I suoi capelli. La sua voce che mi dice “Ciao”. E’ calda.
La fotodiffusione a scatter…
E’ calda. Dolce. Mi prende la mano e se la mette sul viso. Sorride e arrossisce.
Sorride e mi guarda fisso.
La voglio.
Ora.
Svolto nel corridoio, quasi correndo, sudando gelido. La sua aula si apre. Da lontano
vedo uscire le due pretoriane. Le vedo là in fondo, che aspettano l’Imperatrice. Lei
esce nel momento esatto in cui sto entrando io. Cerca di mormorare uno “scusa”
distratto, ma non la sento nemmeno.
La mia mano prende la sua. Mi giro contro il muro. Le leggo negli occhi che non sa cosa
fare, non ha capito cosa succede. Forse, nemmeno chi sono.
Mi avvicino con forza, le mie labbra sulle sue. Un alito solo, il nostro. Picchietto sui
denti, che si aprono quasi senza resistere. Chiudo gli occhi, aspettandomi il doppio
ceffone pretoriano più violento della Storia del Mondo. Invece sento un ridacchiare
lontano, le pretoriane sono rientrate in classe. I miei occhi chiusi vedono il viso di lei,
rosso come un peperone. La sua mano libera ondeggia lungo un fianco, indecisa se
allontanarmi o stringermi a Lei mentre il suo corpo tenta di riprendere fiato.
Trema tutta, poverina. Ha paura, e tanta. Sento il suo sapore, sento il suo odore, sento
la sua paura e la sua eccitazione, mischiate insieme.
E mi lascio affogare nelle mie emozioni.
Niente.
Non mi gira la testa?
E la musica? Non sento la musica. Non dovrei sentire la musica?
E perché sento tante cose? E l’oblio dei sensi?
E perché per tenere gli occhi chiusi mi devo sforzare?
E perché ragiono tanto? Perché tanti perché?
Sto baciando lei, Luna! Una ragazza. La MIA ragazza!

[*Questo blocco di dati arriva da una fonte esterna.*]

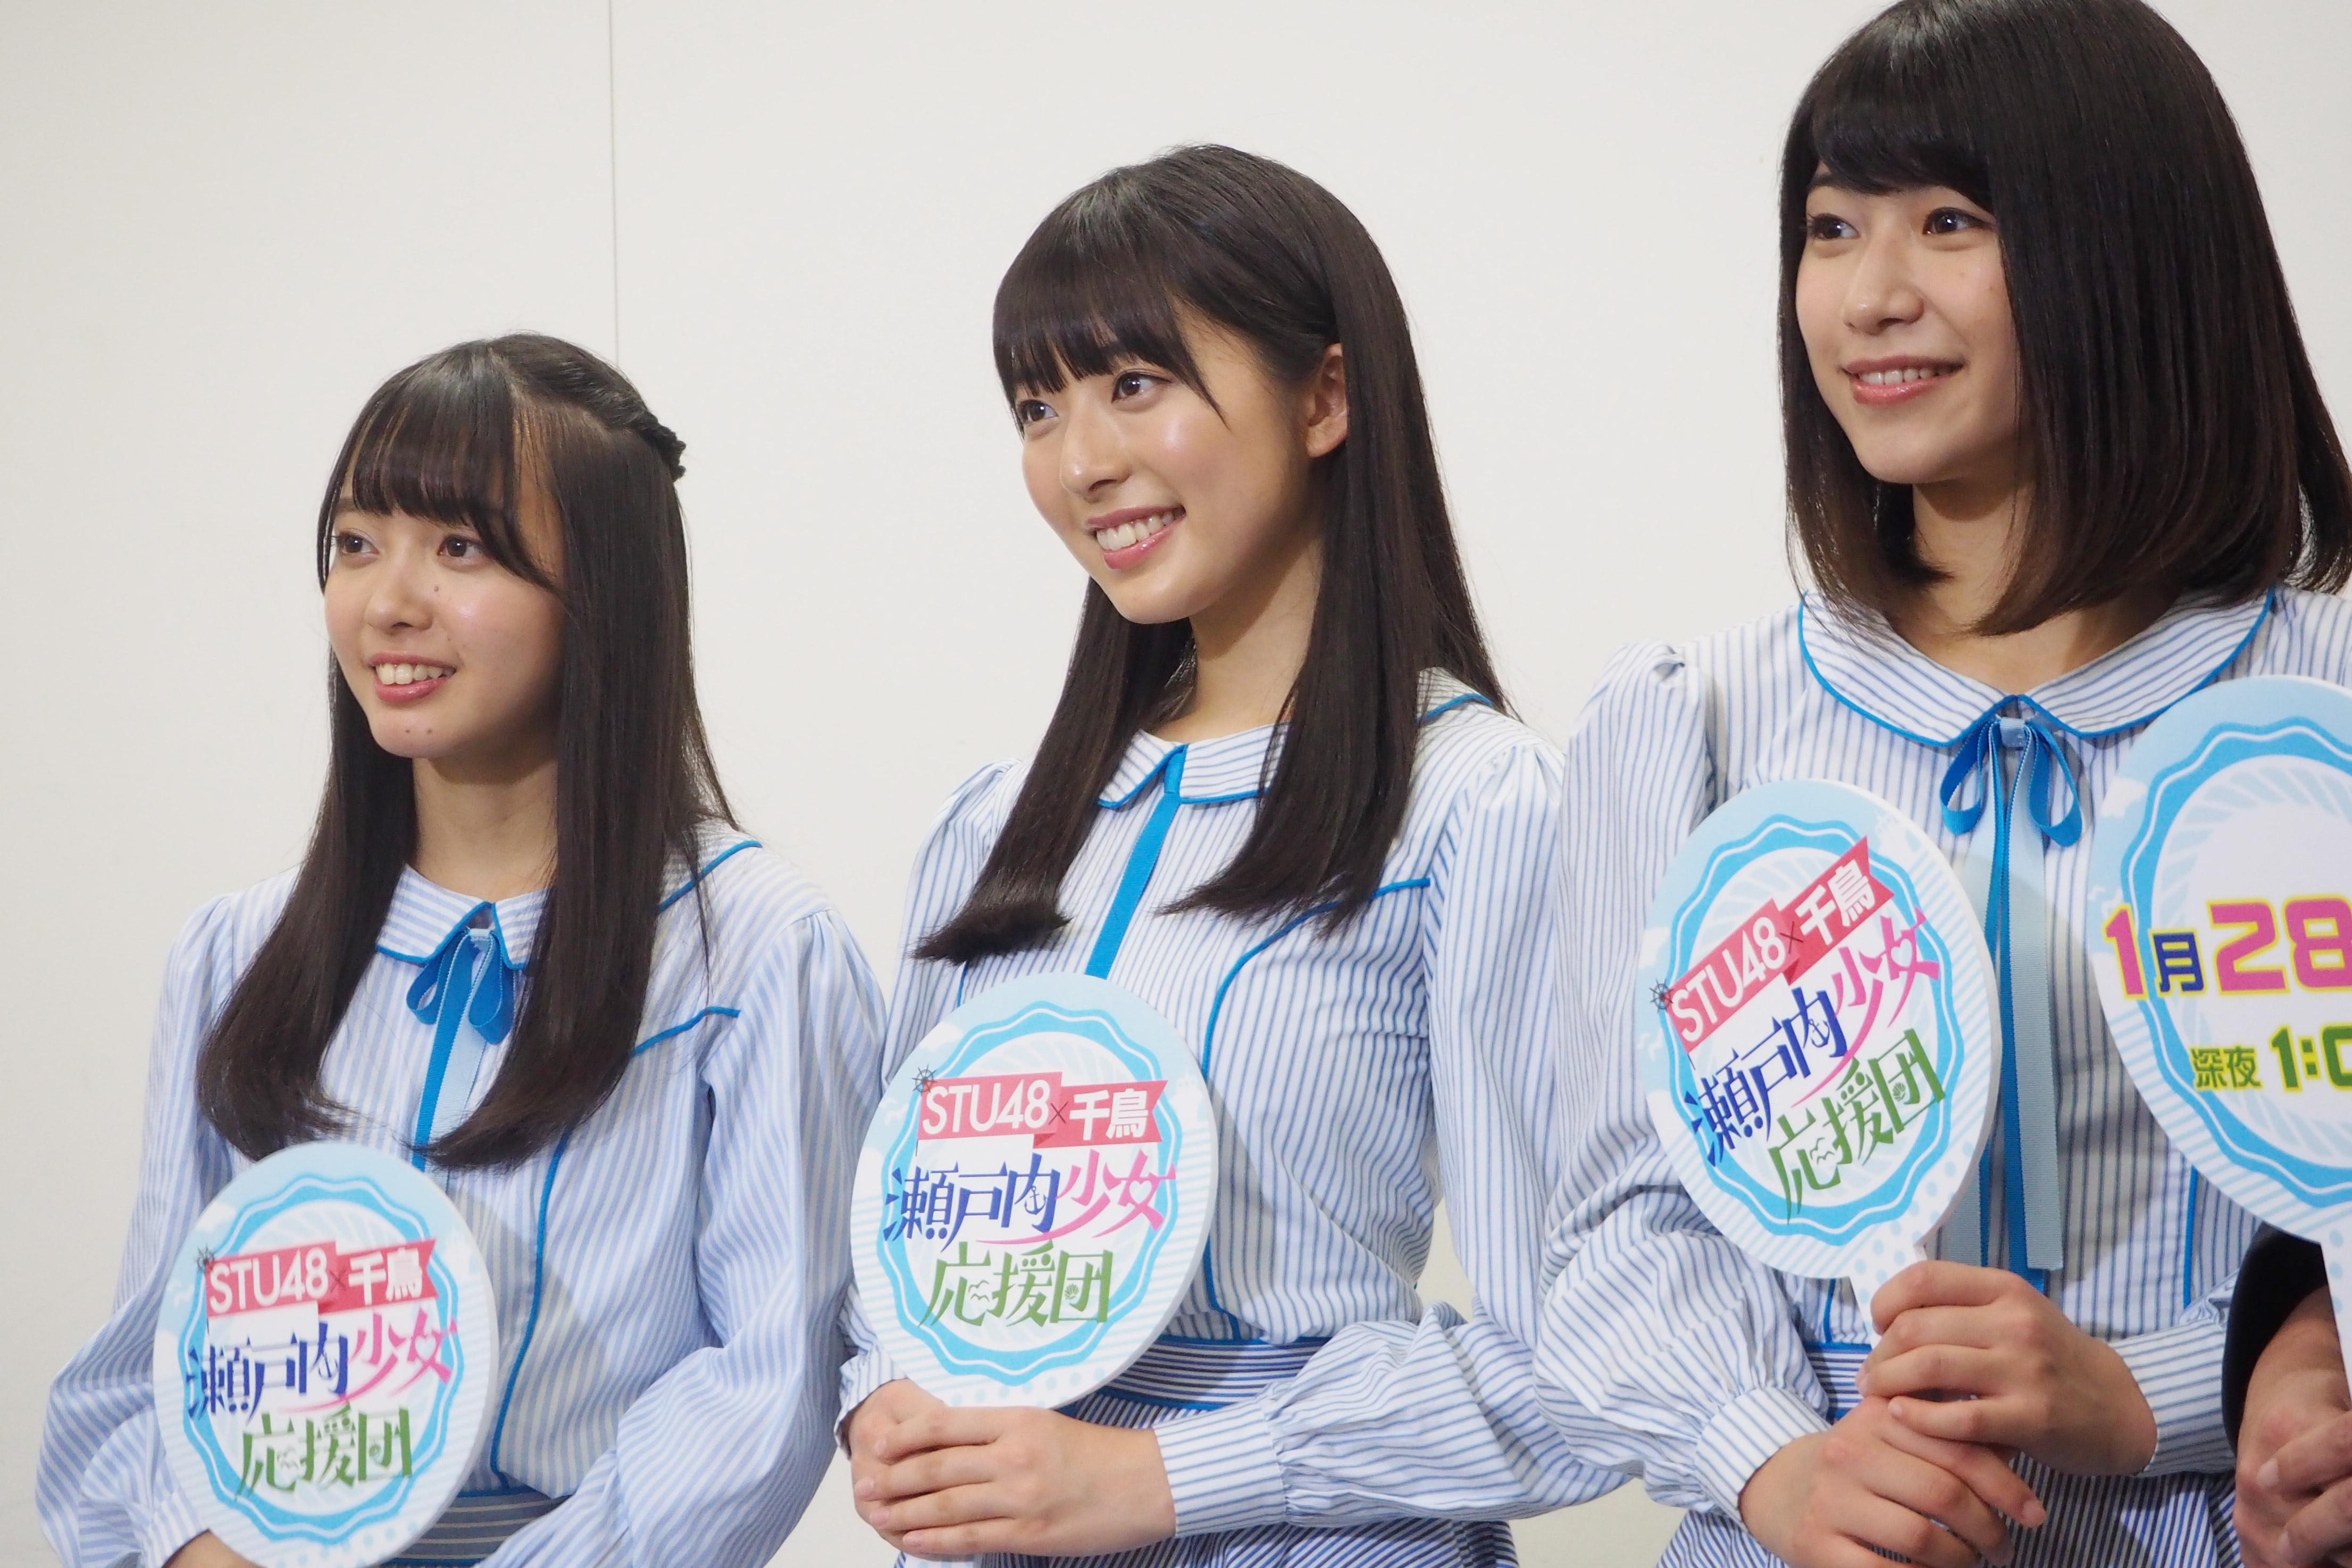 左から、STU48の石田みなみ、今村美月、藤原あずさ

Una ragazza… Soltanto una ragazza?
Sento un corpo fremere sotto le mie mani… lascio la presa sul polso, le labbra si
staccano e apro gli occhi. C’è lei di fronte a me. Un piccolo passerotto rosso e
spaventato, una ragazza sorpresa e spiazzata, una persona fragile che non sa se
piangere o ridere, se stare zitta a fissarmi o scappare via.
Non può essere… lei è Luna… il mio Amore… il mio amore… amore?
Guardo quegli occhi e li vedo per la prima volta. Verdi, profondi, spalancati. Non reggo
lo sguardo di quegli occhi, che cercano di capire chi sono. Li sento alle mie spalle
mentre mi giro e me ne vado quasi correndo, come sono venuto.
Mentre affronto i pochi metri che mi separano dalla mia classe, metri lunghi eterni, mi
sento un buco vuoto dentro. Un buco che non si può riempire, se non coi sogni. Un buco
che fino ad oggi ho cercato di ignorare. Di nascondere dietro l’idea di un sentimento
inventato.
Sono a metà di questo corridoio, in un intervallo qualsiasi di un qualsiasi giovedì di
febbraio, che ha l’unica sfiga di essere il 14.
E per la prima volta qui e adesso, soltanto qui e adesso, ora che il pensiero di Lei non
mi accompagna più, mi accorgo che sono davvero solo.